The Corkman, a farmer's son, is the owner of Crowley Carbon, a business which helps companies reduce their energy usage. He was a welder by trade, and set up his first business as a teenager by installing automated doors and gates on farms during the 1980s. This eventually grew into a tech business and by the time he reached 29 he had started and sold an internet business, Trinity Commerce, for €18m. He considered retiring but instead set up Inspired Gaming, a broadband-based betting services company. It eventually floated on the London Stock Exchange and was almost sold for $1bn (€900m) before the recession hit and lowered expectations. It was eventually sold for $500m.
Since 2011, Crowley has focused on the environment and this year launched Electrifi, an electric car company.
"If we wanted to continue making money we would have stuck to the gaming because we knew the sector really well and we knew how it worked. Then we looked around for something we could do that would make money, because that is how we roll, but would also have a profound impact.
"The biggest existential threat to the world is its survival and that is climate change. That's why we picked climate change."

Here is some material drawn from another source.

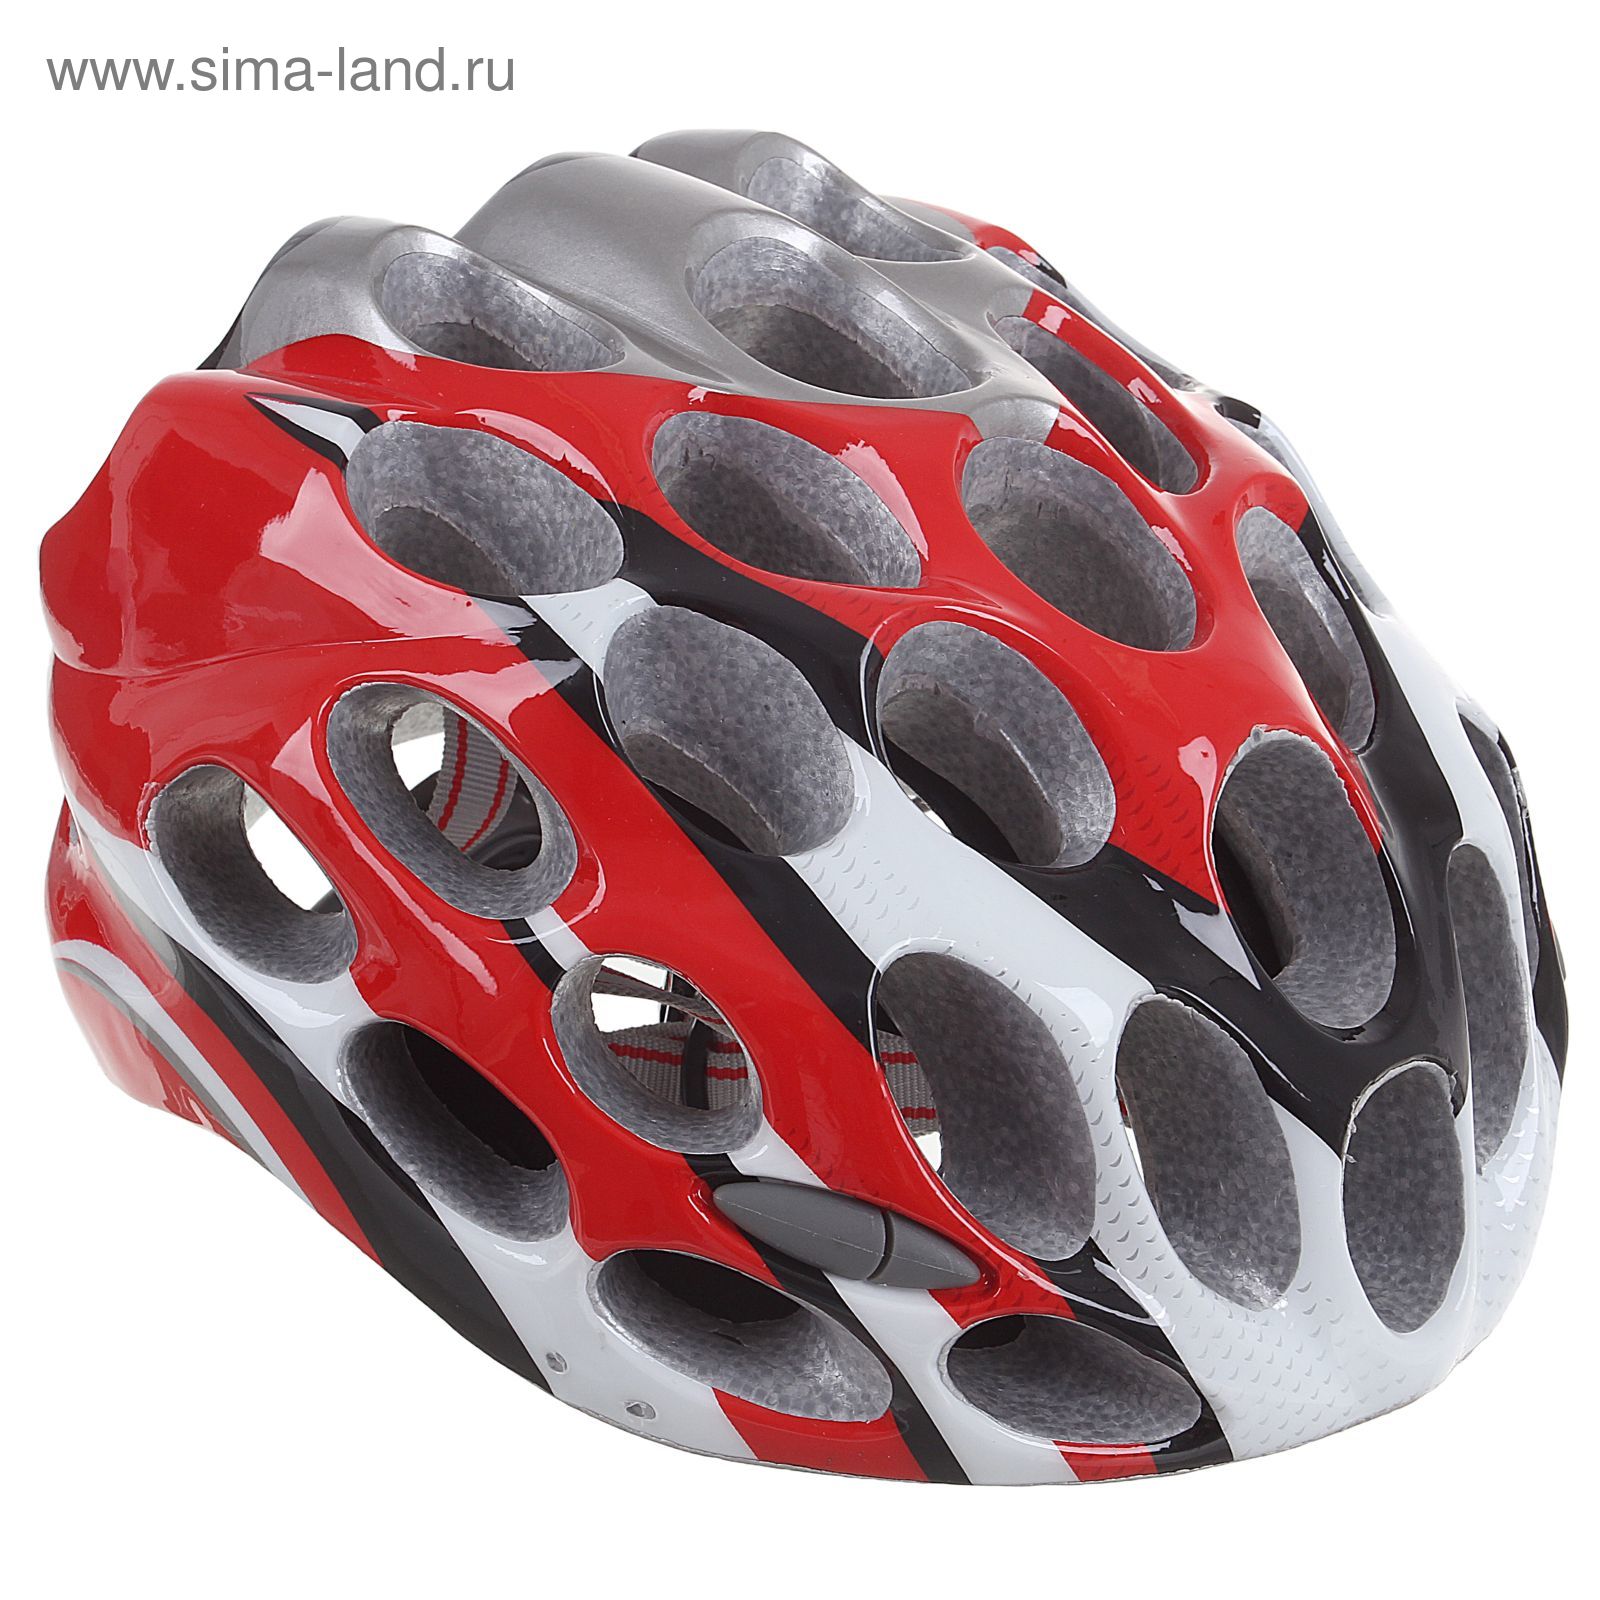 Шлем велосипедиста взрослый T39, размер 52-60 см, цвета МИКС

Farming traditions here are contributing to the destruction of the planet because farmers are not being given the supports to diversify and expand into areas of new opportunities, he said.
But he believes farmers are being let down by government and their representative bodies.
"In Ireland we are getting really good at innovation but what do we do? We say, 'we'll keep going with the cow. We always did it with the cow. The cow will be OK'.
"The cow isn't OK. Scientifically it isn't OK. Engineering-wise, the cow is a poor converter of food to food. Too much gets converted to methane and waste which damages the planet. The representative bodies, Teagasc, the Department of Agriculture, the IFA, need to look at the reality and stop turning their back on it because they will lose more and more.
"There is no metric anywhere in the world that says they will make more money out of this."
He is angriest at the Government. Yet a statuette of Michael Collins, the man often credited with starting the Fine Gael movement, stands on a desk in his office overlooking the picturesque Powerscourt Gardens in Co Wicklow. It is a replica of a statue erected in Clonakilty. He helped fund it.
"There is a whole slew of stuff the Government could do right now. They could speed up their solar strategy to something above backwards. Their latest climate action plan is a joke - window dressing, and that is all they can do. Think about what they would have had to do if they really wanted to make a change.
"Michael [Collins] would be turning in his grave with all that is going on. We need our heroes. I am not a Fianna Fail supporter or Fine Gael but Brian Lenihan took this country through the worst financial turmoil for 50 years when he was dying of cancer. That to me looks like a modern hero, but he is never mentioned.
"It broke him. Put up a statue of that guy. Will we ever? I doubt it. Imagine the outcry."